In China, children living with HIV face intense stigma and discrimination. But through the kindness and generosity of Holt donors, they find love, care and compassion in Holt’s HIV group homes. This story originally appeared in Holt’s fall 2017 sponsorship magazine

A little girl at the HIV group home looks out the front door to a sunny courtyard.

Most of the children here don’t know they are HIV+. It’s too risky.

Their teachers don’t know. Their neighbors definitely don’t know because if they did, they would have to move again. They’ve moved eight times in ten years, all 28 children. If their teachers knew, they would be isolated and discriminated against or even kicked out of their pricey private school — a school they attend because they don’t have to inform the principal of their disease.
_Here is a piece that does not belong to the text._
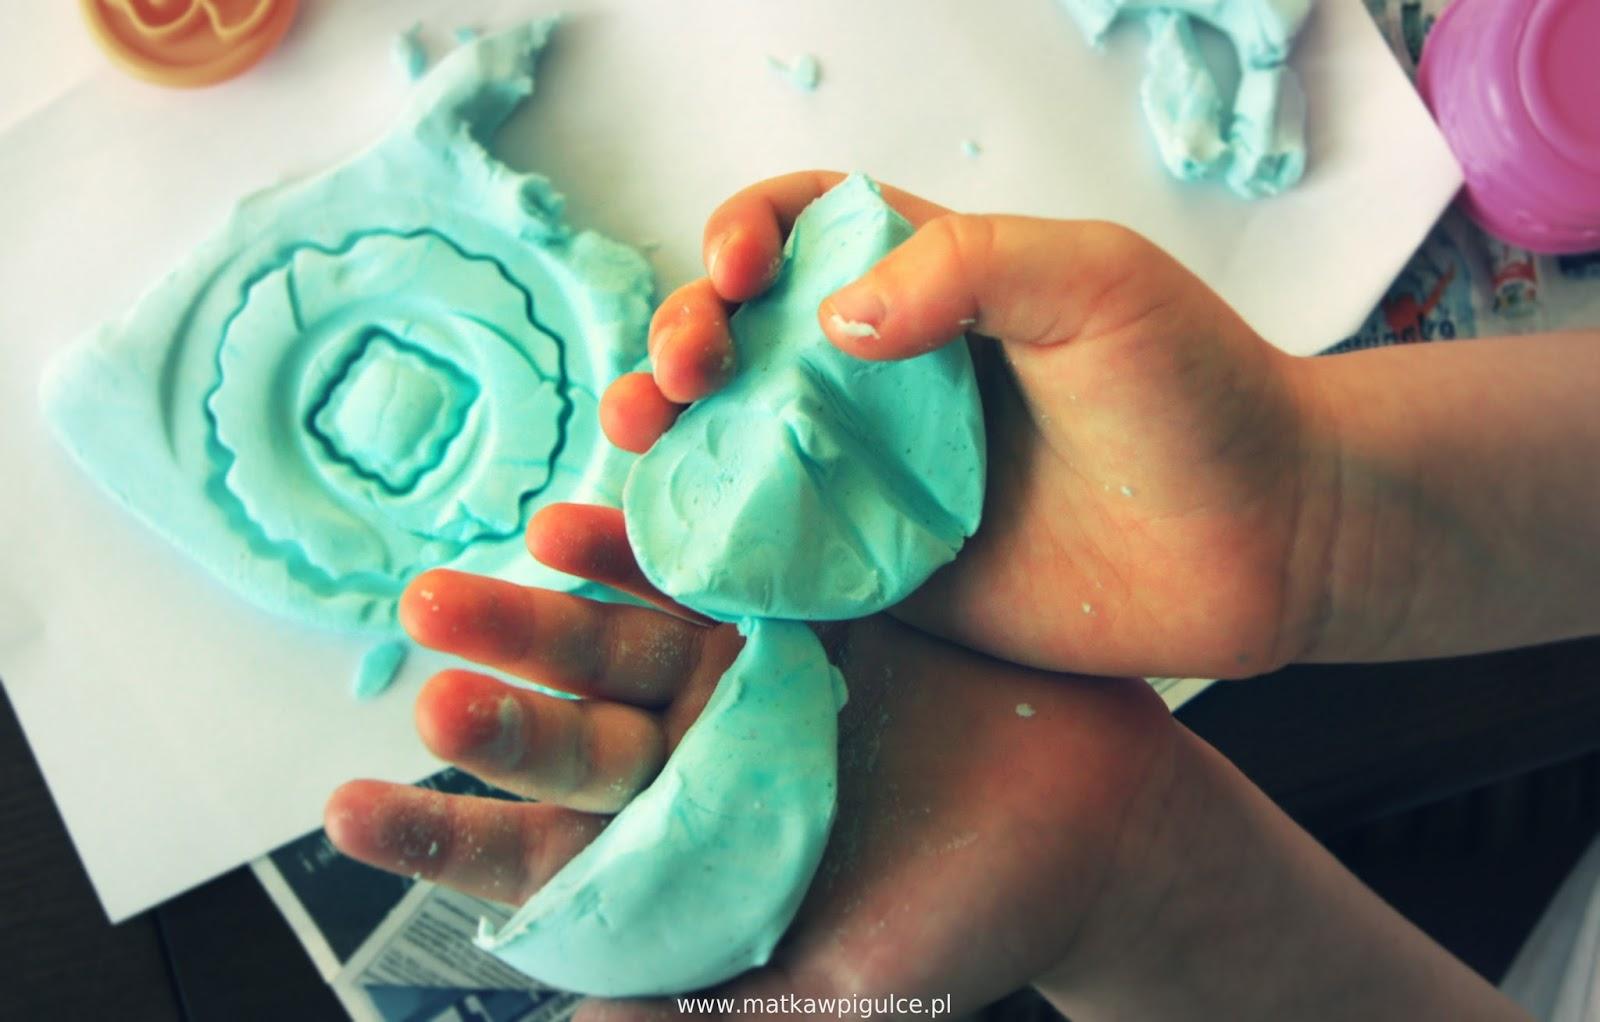 Ciastolina, masa solna, kreatywne zabawy z dzieckiem.

Most of these children don’t even know about the disease in their blood — the disease that killed many of their parents, robbed them of their life in their villages and that was likely passed to them at birth.

They just know that they have strict rules to follow.

Absolutely no fighting. No rough housing. If they get a cut or a scratch, they have their own first aid kit. And they have Mr. Huang.

“The kids are happy now,” Mr. Huang says, his face worn and tired, his spiky, graying hair hinting at his age.

When children pass through the living room of the apartment, they stop to grab his hands or talk to him and his eyes soften as he greets them lovingly.

“They are too young,” Mr. Huang says. “They don’t understand their fate. But as they get older, they will learn. The discrimination will start. They will always have to keep their secret.”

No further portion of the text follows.